9)   Dr. Russell Moore will continue to grow in influence among those trying to apply the gospel of the Kingdom to current culture. His winsome voice will help younger evangelicals think through difficult moral and ethical issues and key institutional leaders will continue to seek his advice on evaluating and making policy.

10)  Some will continue to wring their hands at the decline of the Church’s influence and power while quietly, the gospel will advance in cities around the world. A burgeoning gospel-centered movement to church plant in the worlds’ biggest population centers will slowly transform whole neighborhoods, boroughs, and even whole cities.   Small town pastors will continue their faithful gospel work. And Jesus’ promise to build His church will continue unabated by other factors.

11)   People will continue to demand content in a variety of platforms. Reading of online content on smart phones and iPads will increase. The desire for magazine-style journalism on digital devices will increase. And the consuming of e-books will level off but not drop off as readers appreciate the complimentary nature of both digital and analog.

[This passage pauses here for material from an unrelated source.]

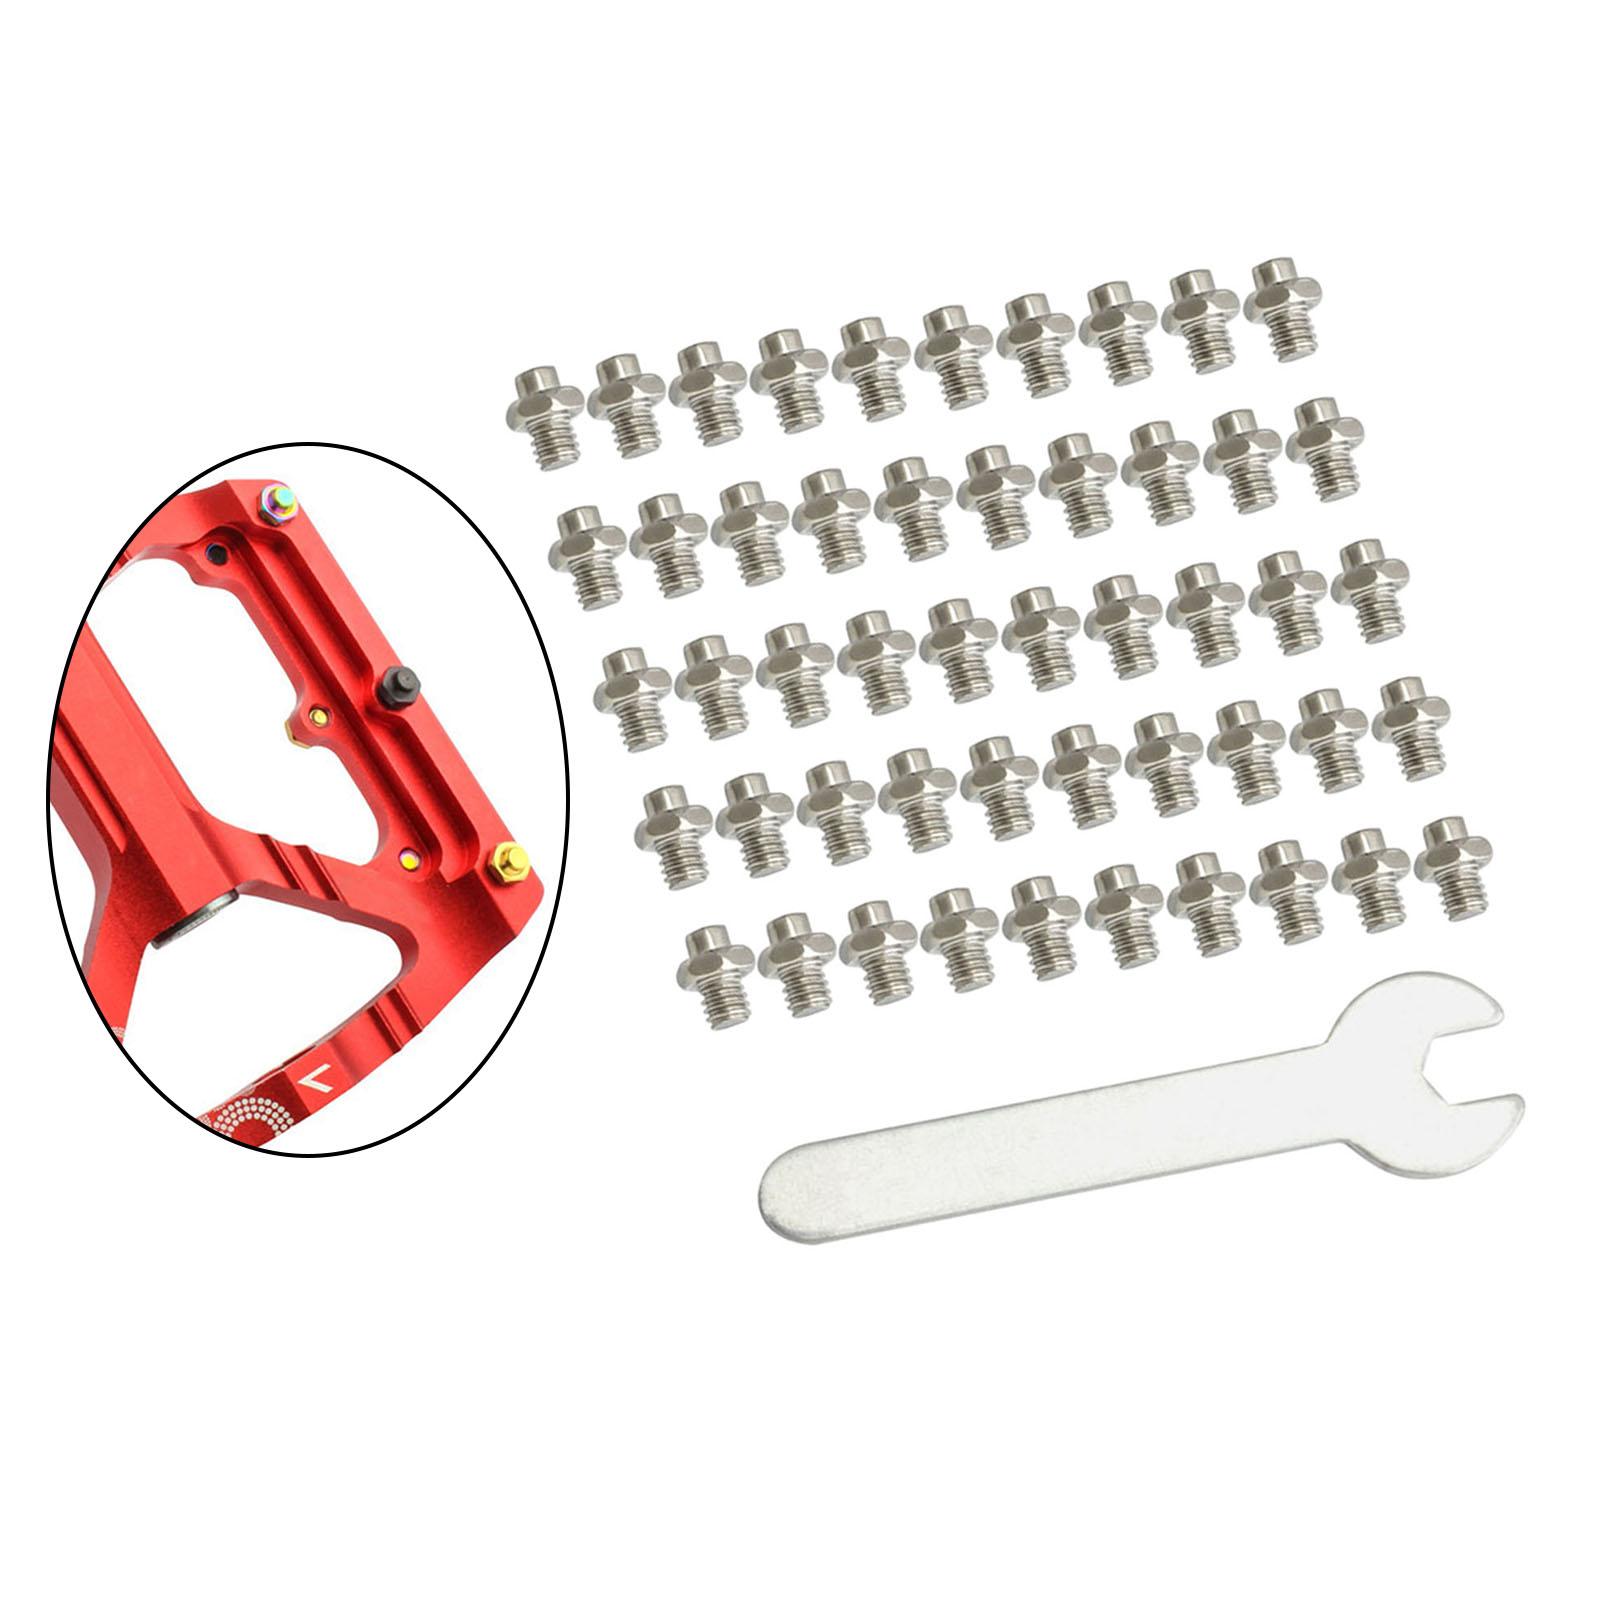 50 Pieces Stainless Steel Bike Pedal Screws Fixed Studs Anti-Slip Bolts Accs Silver

12)   Smart, young, conservative evangelicals will continue to quietly make their mark in leading cultural and political institutions. Christian colleges and seminaries will keep churning out committed, well-read, world-shapers eager to contribute to human flourishing in their generation.

13)   The color of the Church as we know it will continue to change. The embrace of intentional racial diversity by the evangelical church, rapidly changing North American demographics, and changing attitudes about race will continue to bring Sunday gatherings closer to John’s vision of the Kingdom in Revelation 9.

14)   Bloggers will continue to blog about Mark Driscoll, even if there is nothing left to talk about. No explanation needed here, really.

15)   The prolife movement will continue to make gains, both in public attitudes, in state-by-state legislative remedies, and in the heroic work of countless crisis pregnancy centers around the world. The outrage of abortion on demand will continue to prick the American conscience.

16)   Dr. Russell Moore will continue to mock me for calling Diet Pepsi “pop” instead of coke. And I’ll continue to stand out as a Midwesterner among southern gentleman here in Nashville.

17)   Tim Keller will continue to churn more awesome books than I  have time to read.